Convergence of Adam Under Relaxed Assumptions
This provides theoretical guarantees for Adam in deep learning, addressing a known bottleneck in optimization theory.
The paper tackles the problem of proving convergence for the Adam optimization algorithm under more realistic assumptions, showing it converges to ε-stationary points with O(ε^{-4}) gradient complexity and proposing a variance-reduced version with O(ε^{-3}) complexity.
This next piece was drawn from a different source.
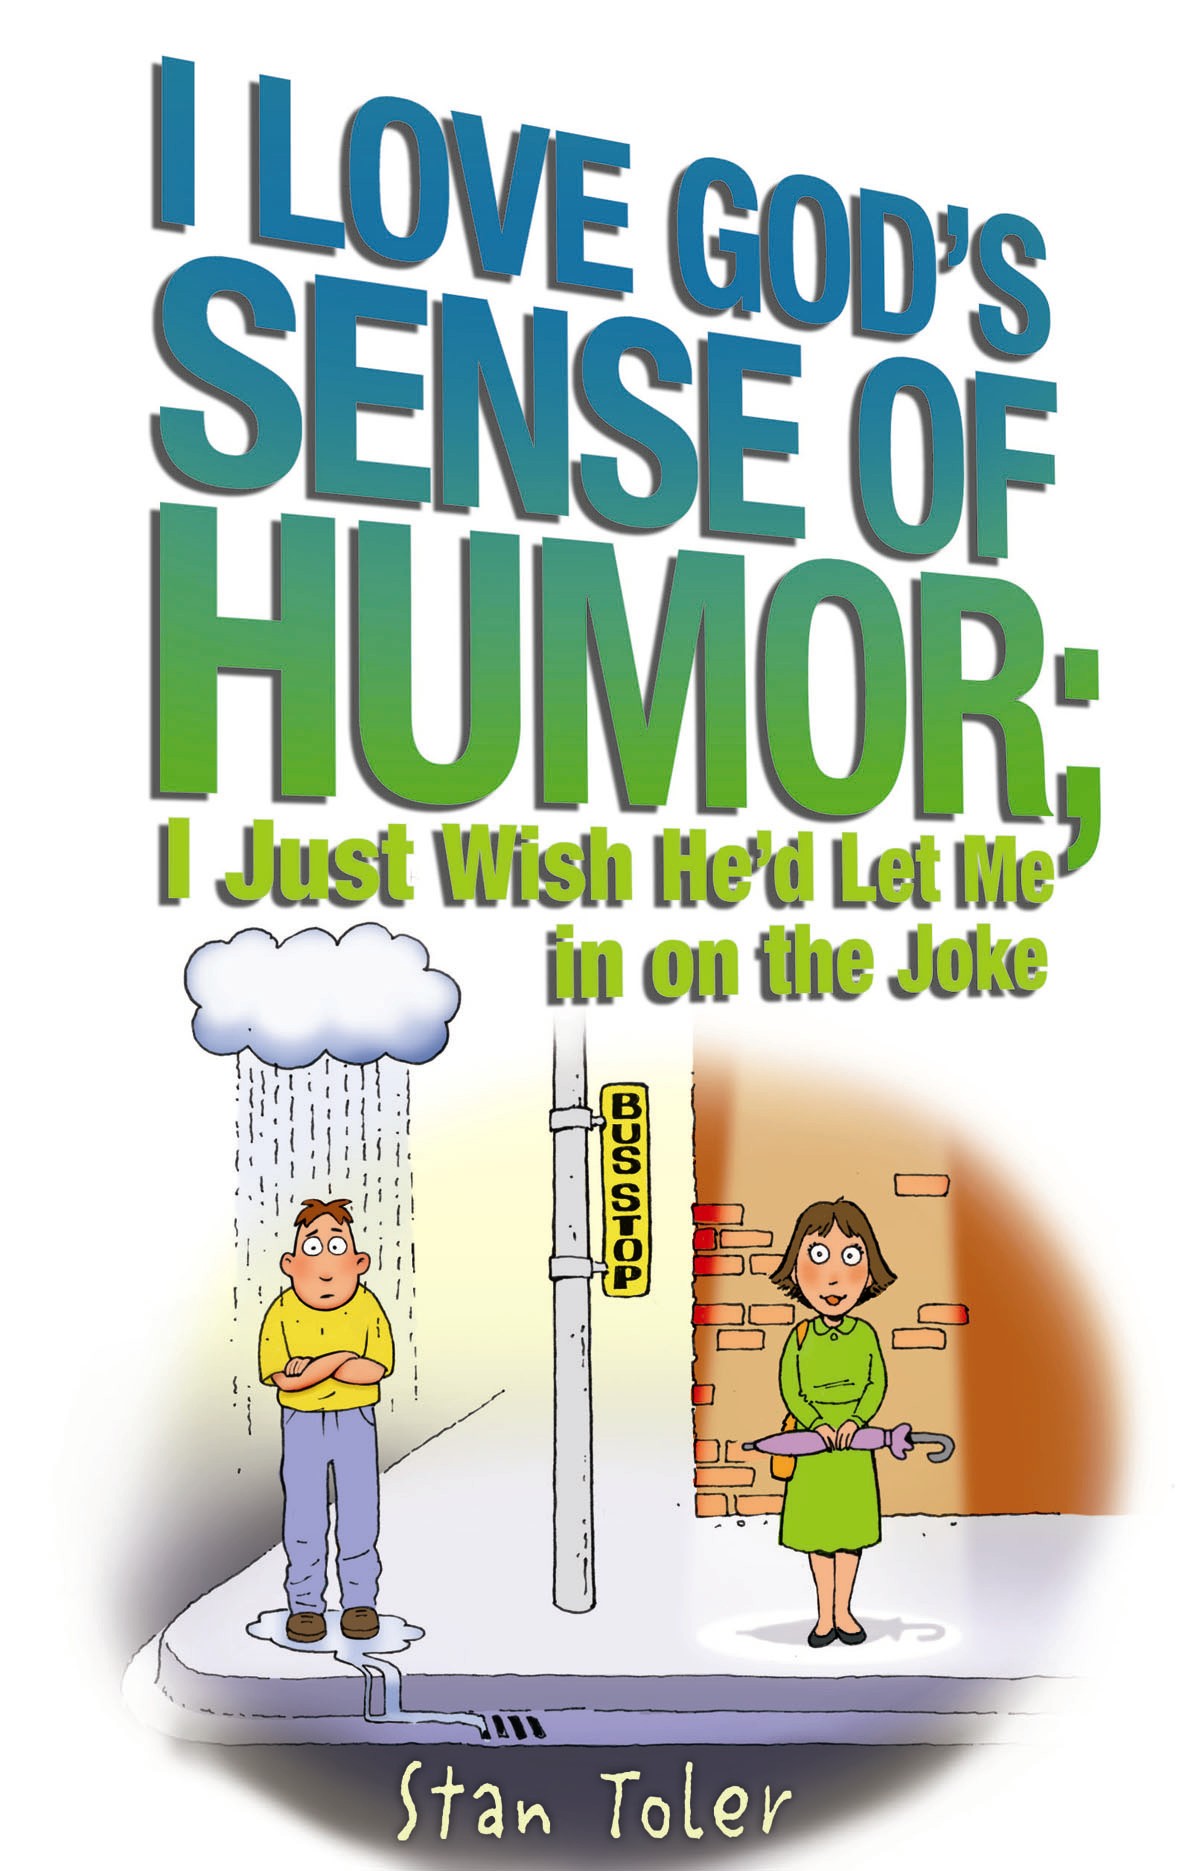 Does God Have a Sense of Humor? Best Selling Author Reveals God's Humor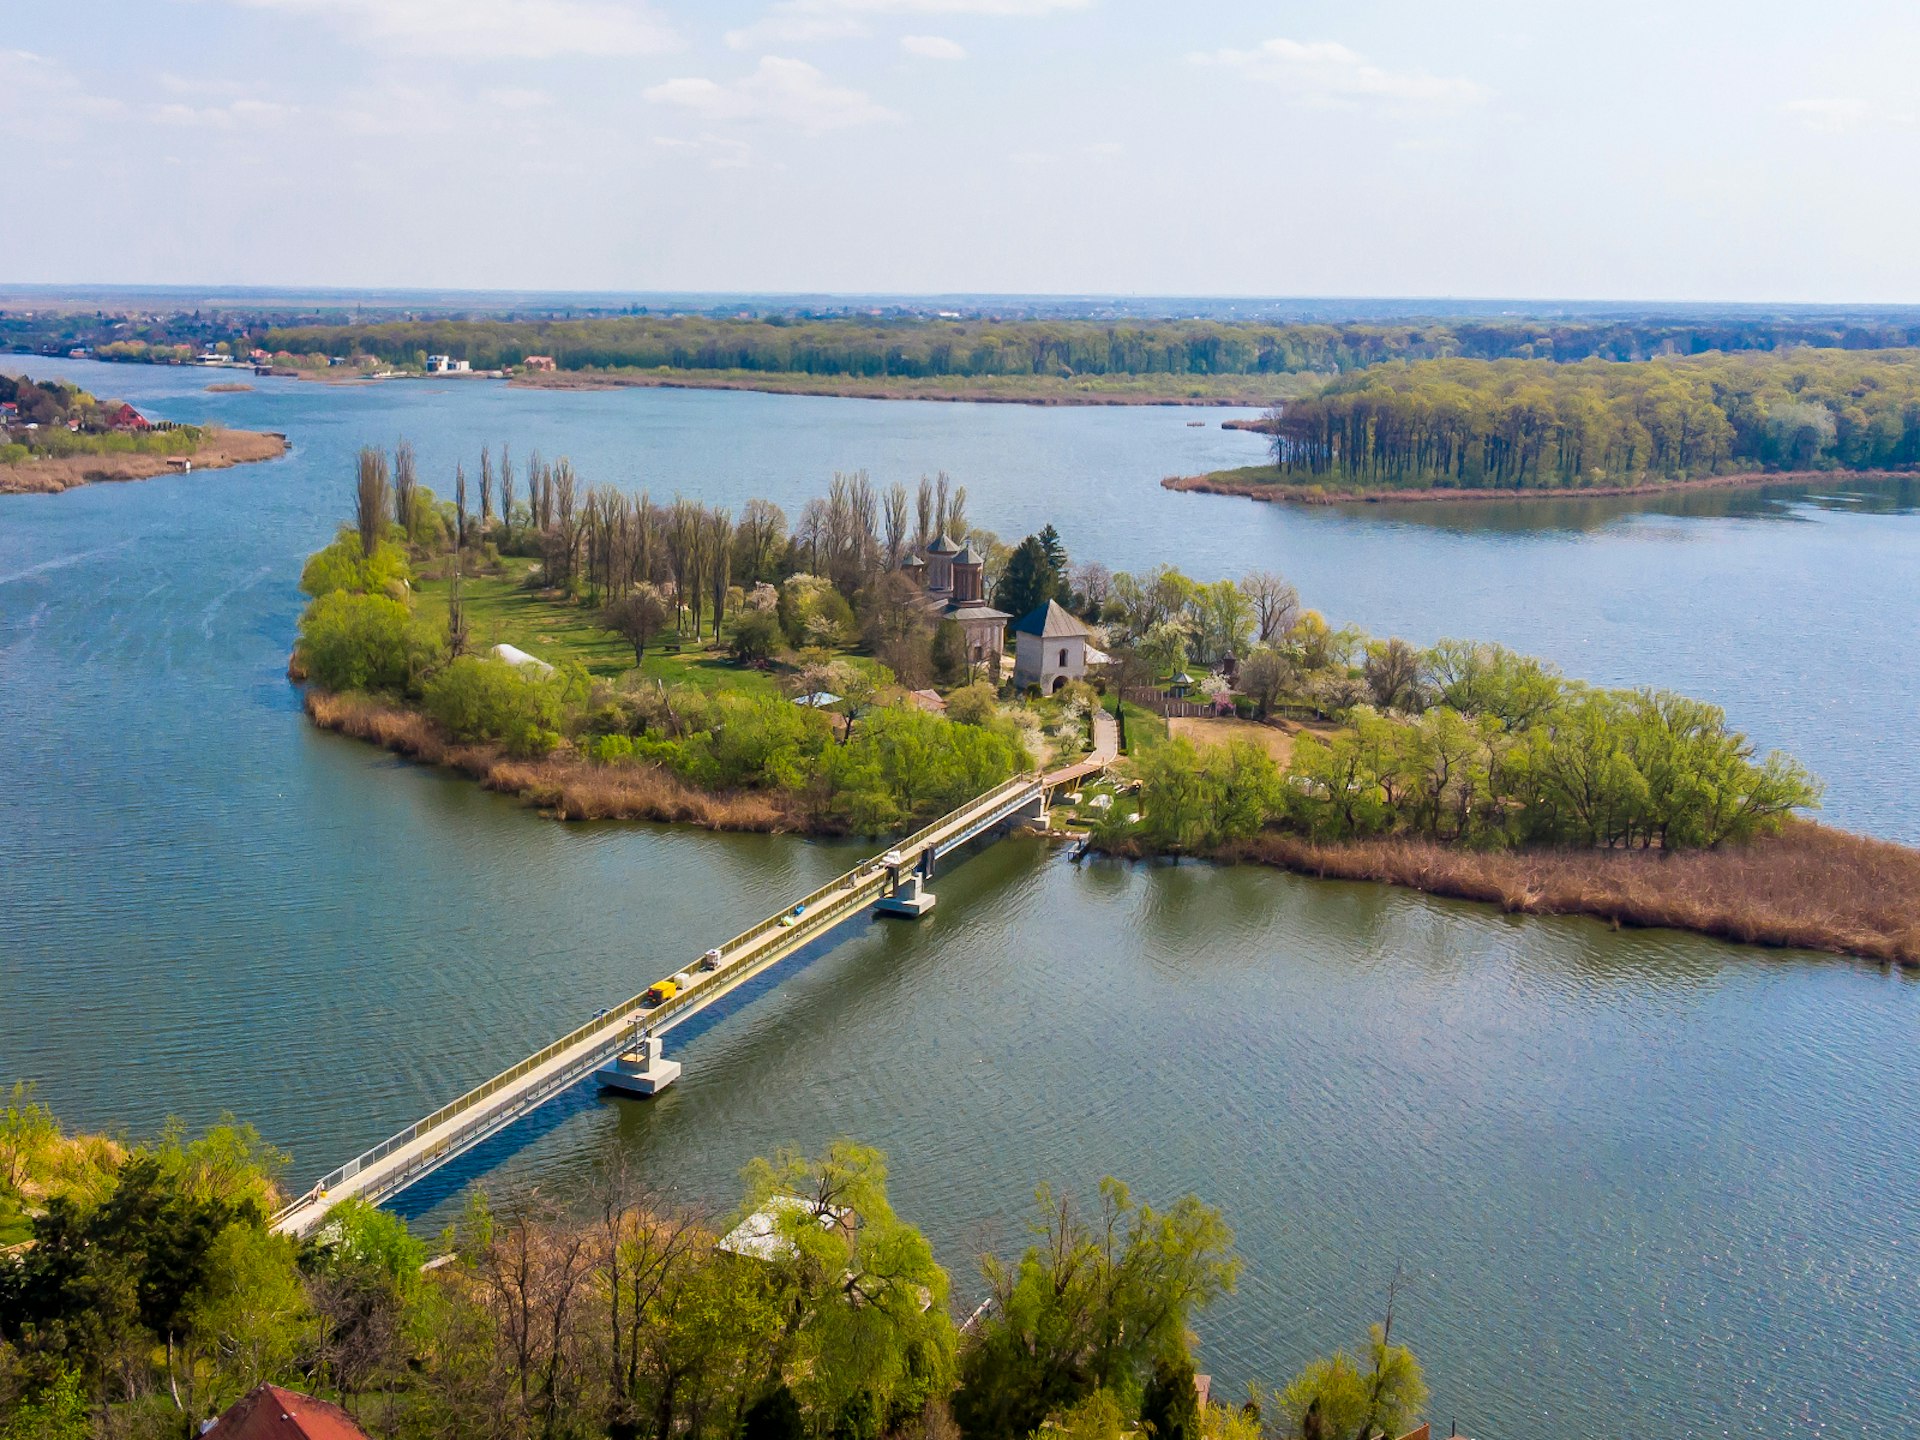 Drone view of Snagov Monastery on Snagov Lake near Bucharest

In this paper, we provide a rigorous proof of convergence of the Adaptive Moment Estimate (Adam) algorithm for a wide class of optimization objectives. Despite the popularity and efficiency of the Adam algorithm in training deep neural networks, its theoretical properties are not yet fully understood, and existing convergence proofs require unrealistically strong assumptions, such as globally bounded gradients, to show the convergence to stationary points. In this paper, we show that Adam provably converges to $ε$-stationary points with ${O}(ε^{-4})$ gradient complexity under far more realistic conditions. The key to our analysis is a new proof of boundedness of gradients along the optimization trajectory of Adam, under a generalized smoothness assumption according to which the local smoothness (i.e., Hessian norm when it exists) is bounded by a sub-quadratic function of the gradient norm. Moreover, we propose a variance-reduced version of Adam with an accelerated gradient complexity of ${O}(ε^{-3})$.